# Correlation of beta coefficients from linear regression [duplicate]

Suppose that I have a linear regression: $$y = \beta_{0} + \beta_{1}x_{1} + \beta_{2}x_{2} + \epsilon$$

I would like to demonstrate that one regression coefficients is significantly greater than the other:
$$H_{0} = \beta_{1} > \beta_{2}$$ or $$H_{0} = \beta_{1} - \beta_{2} > 0$$.

Therefore, I would conduct a t-test:

$$t = \mu_{d} / \sigma_{d}$$
with $$\mu_{d} = \beta_{1} - \beta_{2}$$ and $$\sigma_{d} = \sqrt{\sigma_{\beta_{1}}^2 + \sigma_{\beta_{2}}^2 - Cov(\beta_{1}, \beta_{2})}$$

and $$Cov (\beta_{1}, \beta_{2}) = \sigma_{\beta_{1}} * \sigma_{\beta_{2}} * \rho_{\beta_{1}, \beta_{2}}$$

As $$\beta_{1}$$, $$\beta_{2}$$, $$\sigma_{\beta_{1}}$$ and $$\sigma_{\beta_{2}}$$ are known from the regression results, the only mising part is the correlation of $$\beta_{1}$$ and $$\beta_{2}$$. However, I don't know how this can be computed and would be really thankful for any help!
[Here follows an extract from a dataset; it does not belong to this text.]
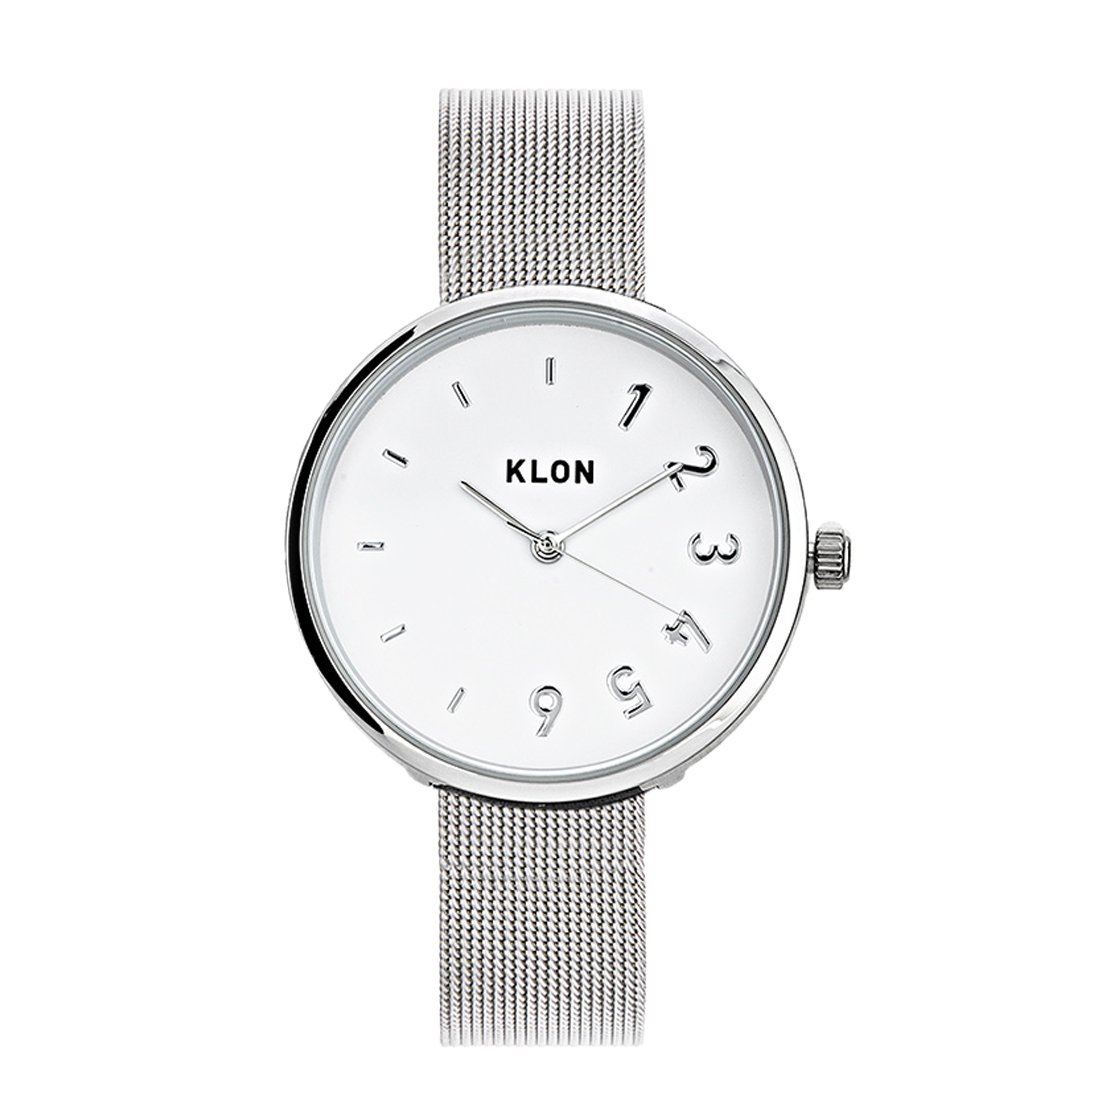 KLON CONNECTION DARING FIRST -SILVER MESH- 33mm カジュアル 腕時計

• Hi: You can calculate the covariance matrix $\Sigma = \sigma^2 (X^{\prime}X)^{-1}$. The correlation is then the square root of the element in the second row and the third column. Jun 16 '20 at 9:23
• Thank you very much!
– Emil
Jun 18 '20 at 4:01
• no problem. glad to help. Jun 19 '20 at 2:22